Add to favorites
The SLAs only guarantee the equivalent of dial tone for the physical server or virtual machine
The private cloud remains the best choice for many applications for a variety of reasons, while the public cloud has become a more cost-effective choice for others, writes David Bermingham, Technical Evangelist at SIOS Technology.
This split has resulted intentionally or not in the vast majority of organizations now having a hybrid cloud. But there are many different ways to leverage the versatility and agility afforded in a hybrid cloud environment, especially when it comes to the different high availability and disaster recovery protections needed for different applications.
This examines the hybrid cloud from the perspective of high availability (HA) and disaster recovery (DR), and provides some practical suggestions for avoiding potential pitfalls.
The carrier-class infrastructure implemented by cloud service providers (CSPs) gives the public cloud a resiliency that is far superior to what could be justified for a single enterprise.
Redundancies within every data center, with multiple data centers in every region and multiple regions around the globe give the cloud unprecedented versatility, scalability and reliability. But failures can and do occur, and some of these failures cause downtime at the application level for customers who have not made special provisions to assure high availability.
While all CSPs define downtime somewhat differently, all exclude certain causes of downtime at the application level. In effect, the service level agreements (SLAs) only guarantee the equivalent of dial tone for the physical server or virtual machine (VM), or specifically, that at least one instance will have connectivity to the external network if two or more instances are deployed across different availability zones.

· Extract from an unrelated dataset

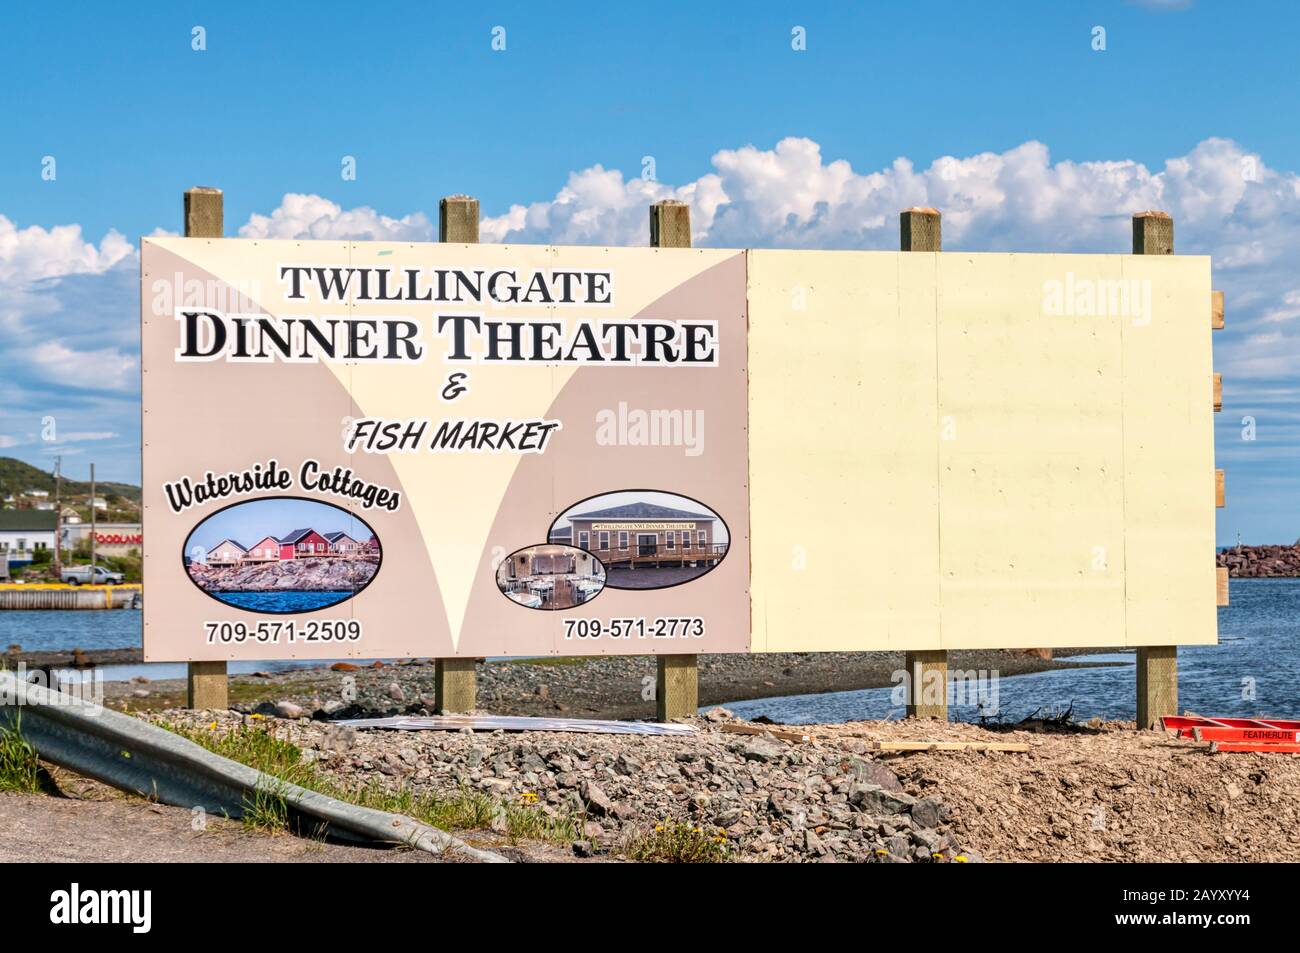 Sign for tourist attractions in Twillingate, Newfoundland.  Twillingate Dinner Theatre & fish market. Stock Photo

Here are just a few examples of some common causes of downtime excluded from SLAs:
It is reasonable, of course, for CSPs to exclude these and other causes of downtime that are beyond their control. It would be irresponsible, however, for IT professionals to use these exclusions as excuses for not providing adequate HA and/or DR protections for critical applications.

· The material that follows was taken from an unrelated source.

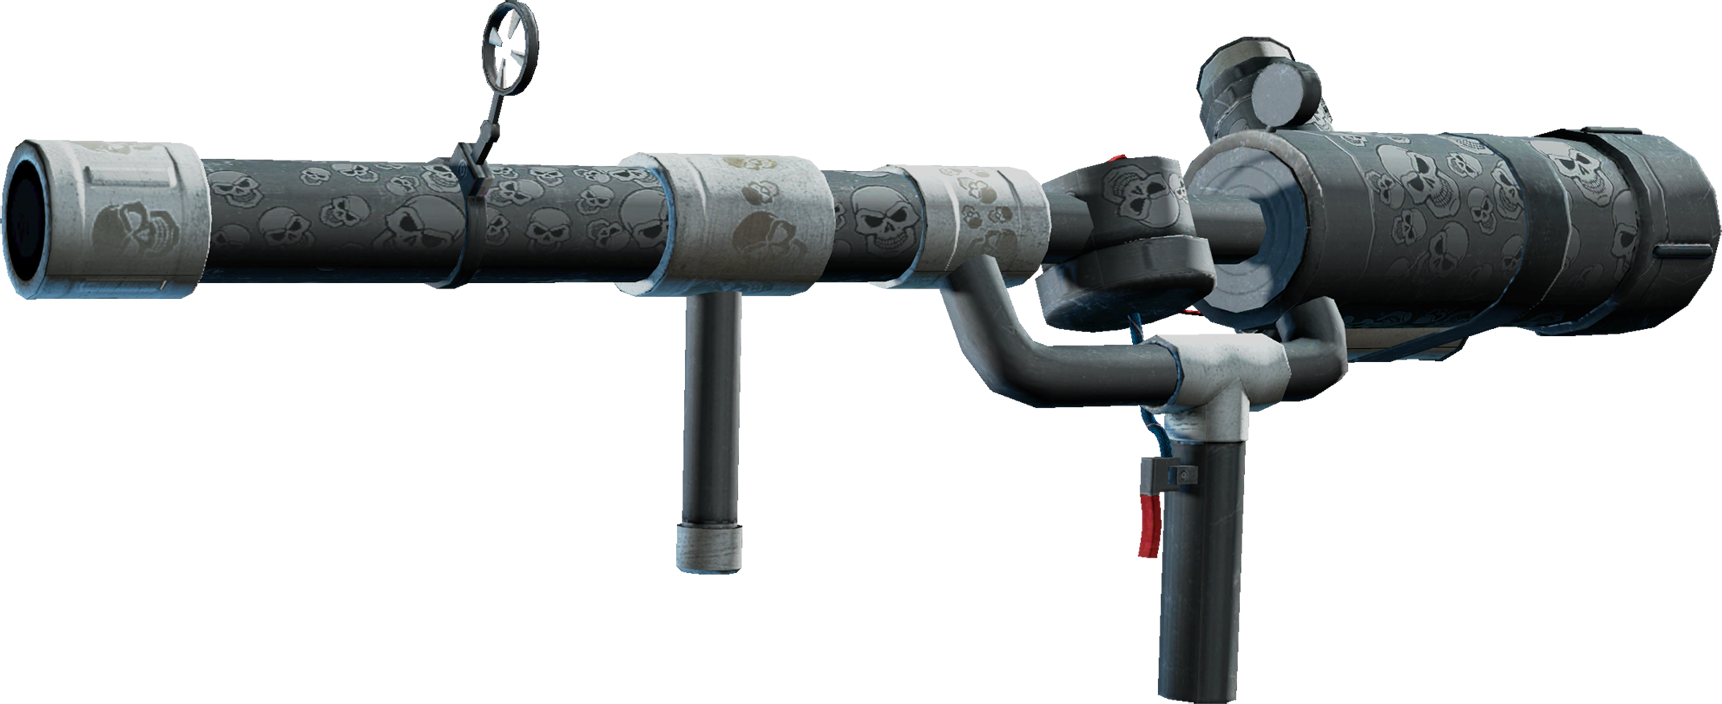 Image   Sriv Explosives   Rpg   Potato Gun   Ghostly Skull.png | Saints Row Wiki | Fandom Powered By Wikia - Rpg, Transparent background PNG HD thumbnail

Properly leveraging the clouds resilient infrastructure requires understanding some important differences between failures and disasters because these differences have a direct impact on HA and DR configurations. Failures are short in duration and small in scale, affecting a single server or rack, or the power or cooling in a single datacenter. Disasters have more enduring and more widespread impacts, potentially affecting multiple data centers in ways that preclude rapid recovery.

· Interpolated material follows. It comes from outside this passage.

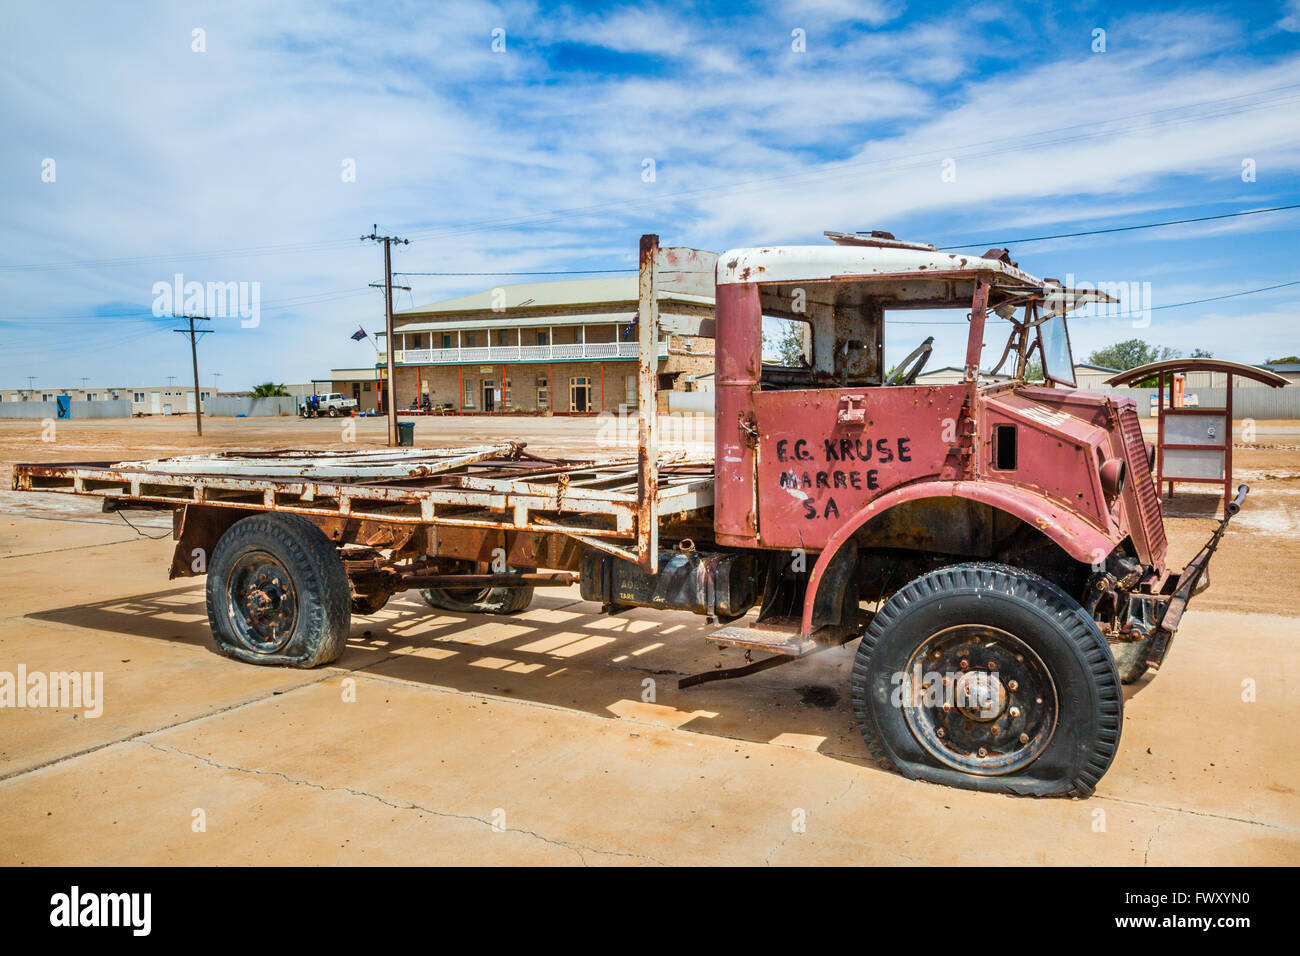 Marree in South Australia, Marree Hotel, vintage 1940s Chevrolet Blitz truck as it was used by Tom Kruse, the outback mailman Stock Photo

The most consequential effect involves the location of the redundant resources (systems, software and data), which can be local on a Local Area Network for recovering from a localized failure. By contrast, the redundant resources required to recover from a widespread disaster must span a Wide Area Network.
For database applications that require high transactional throughput performance, the ability to replicate the active instances data synchronously across the LAN enables the standby instance to be hot and ready to take over immediately in the event of a failure. Such rapid, automatic recovery should be the goal of all HA provisions.
Data is normally replicated asynchronously in DR configurations to prevent the WANs latency from adversely impacting on the throughput performance in the active instance. This means that updates being made to the standby instance always get made after those being made to the active instance, making the standby warm and resulting in an unavoidable delay when using a manual recovery process.
All three major CSPs accommodate these differences with redundancies both within and across data centers. Of particular interest is the variously named availability zone that makes it possible to combine the synchronous replication available on a LAN with the geographical separation afforded by the WAN. The zones exist in separate data centers that are interconnected via a low-latency, high-throughput network to facilitate synchronous data replication. With latencies around one millisecond, the use of multi-zone configurations has become a best practice for HA.
IT departments that run applications on Windows Server have long depended on Windows Server Failover Clustering (WSFC) to provide high availability. But WSFC requires a storage area network (SAN) or some other form of shared storage, which is not available in the public cloud. Microsoft addressed this issue in Windows Server 2016 Datacenter Edition and SQL Server 2016 with the introduction of Storage Spaces Direct. But S2D has its own limitations; most notably an inability to span multiple availability zones, making it unsuitable for HA needs.
The lack of shared storage in the cloud has led to the advent of purpose-built failover clustering solutions capable of operating in private, public and hybrid cloud environments. These application-agnostic solutions facilitate real-time data replication and continuous monitoring capable of detecting failures at the application or database level, thereby filling the gap in the dial tone nature of the CSPs SLAs. Versions available for Windows Server normally integrate seamlessly with WSFC, while versions for Linux provide their own SANless failover clustering capability. Both versions normally make it possible to configure different failover/failback policies for different applications.
More information about SANless failover clustering is available inEnsure High Availability for SQL Server on Amazon Web Services. While this article is specific to AWS, the clusters basic operation is the same in the Google and Azure clouds.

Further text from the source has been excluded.